In the next step, we’ll compute marker genes for the clusters in our dataset.
cell_ann.get_cluster_markers()
INFO Iterating over samples to compute cluster marker genes.
We can also take a look at these marker genes. Under the hood, we created once cell_annotator.SampleAnnotator class per sample, and marker genes are written into these. Let’s take a look at an example:
cell_ann.sample_annotators["site3"].marker_gene_dfs["0"].head()
| gene | specificity | auc | |
|---|---|---|---|
| 0 | BANK1 | 0.803347 | 0.969336 |
| 1 | RALGPS2 | 0.754415 | 0.943715 |
| 2 | OSBPL10 | 0.932700 | 0.881645 |
| 3 | MS4A1 | 0.917240 | 0.880816 |
| 4 | EBF1 | 0.842919 | 0.845968 |
These are the top marker genes for one cluster in one sample.
Annotate clusters#
Using the marker genes computed above, we can now query the model for cell type labels. The expected cell types and marker genes queried above help to make predictions more robust and consistent across samples.

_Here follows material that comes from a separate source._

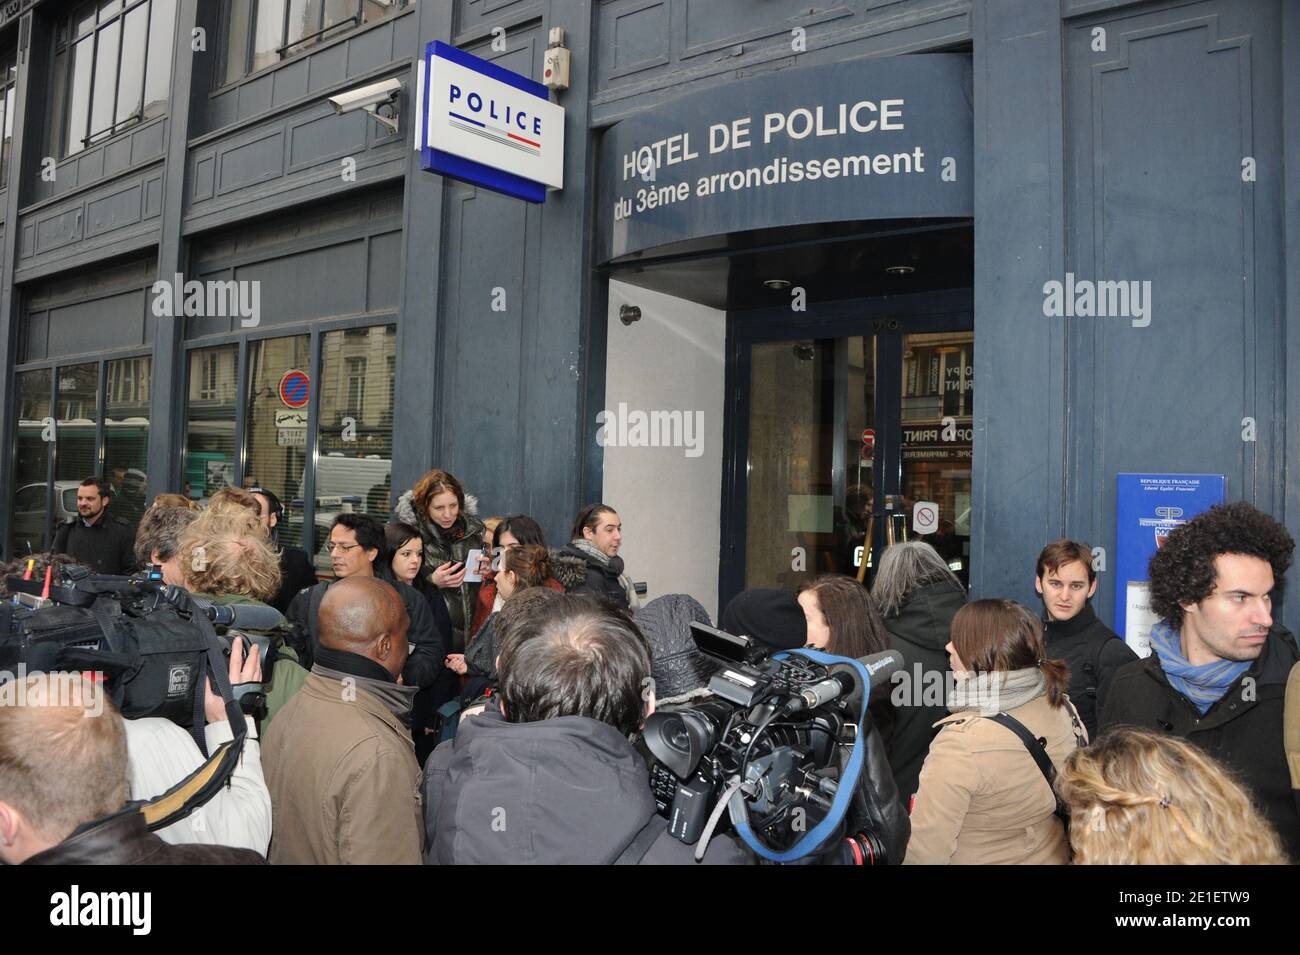 Atmosphere in front the 3rd arrondissement precinct where British designer John Galliano should be confronted with a couple accusing him of anti-Semitic comments in Paris, France on February, 28, 2011. John Galliano, the chief designer at Christian Dior since 1996, has been suspended from his duties at the fashion house after he was arrested for allegedly assaulting a woman and making anti-Semitic remarks at an outdoor Paris cafe 'La Perle'. Photo by ABACAPRESS.COM Stock Photo

cell_ann.annotate_clusters()
INFO Iterating over samples to annotate clusters.
WARNING Not enough markers provided for cluster 0 in sample `site1` (0<2).
WARNING Not enough markers provided for cluster 10 in sample `site1` (1<2).
WARNING Not enough markers provided for cluster 18 in sample `site1` (0<2).
WARNING Not enough markers provided for cluster 8 in sample `site3` (0<2).
WARNING Not enough markers provided for cluster 14 in sample `site4` (1<2).
INFO Querying cell-type label de-duplication.
INFO Removed 15/50 cell types.
INFO Iterating over samples to harmonize cell type annotations.
WARNING Invalid global cell type name: Hematopoietic stem/progenitor cell (HSC/MPP) in sample `site2`. Re-using
the original name: Hematopoietic stem/progenitor cell (HSC/MPP).
INFO Writing updated cluster labels to `adata.obs[`cell_type_predicted'].
🧬 CellAnnotator
================
📋 Species: human
🔬 Tissue: bone marrow mononuclear cells
⏳ Stage: adult
🔗 Cluster key: leiden_shuffled
🔬 Sample key: Site
🤖 Provider: openai
🧠 Model: gpt-4.1
🔋 Status: ❌ Not working
📊 Samples: 4
🏷️ Sample IDs: 'site1', 'site2', 'site3', 'site4'
Within each cell_annotator.SampleAnnotator, we can inspect annotation results:
cell_ann.sample_annotators["site3"].annotation_df.head(10)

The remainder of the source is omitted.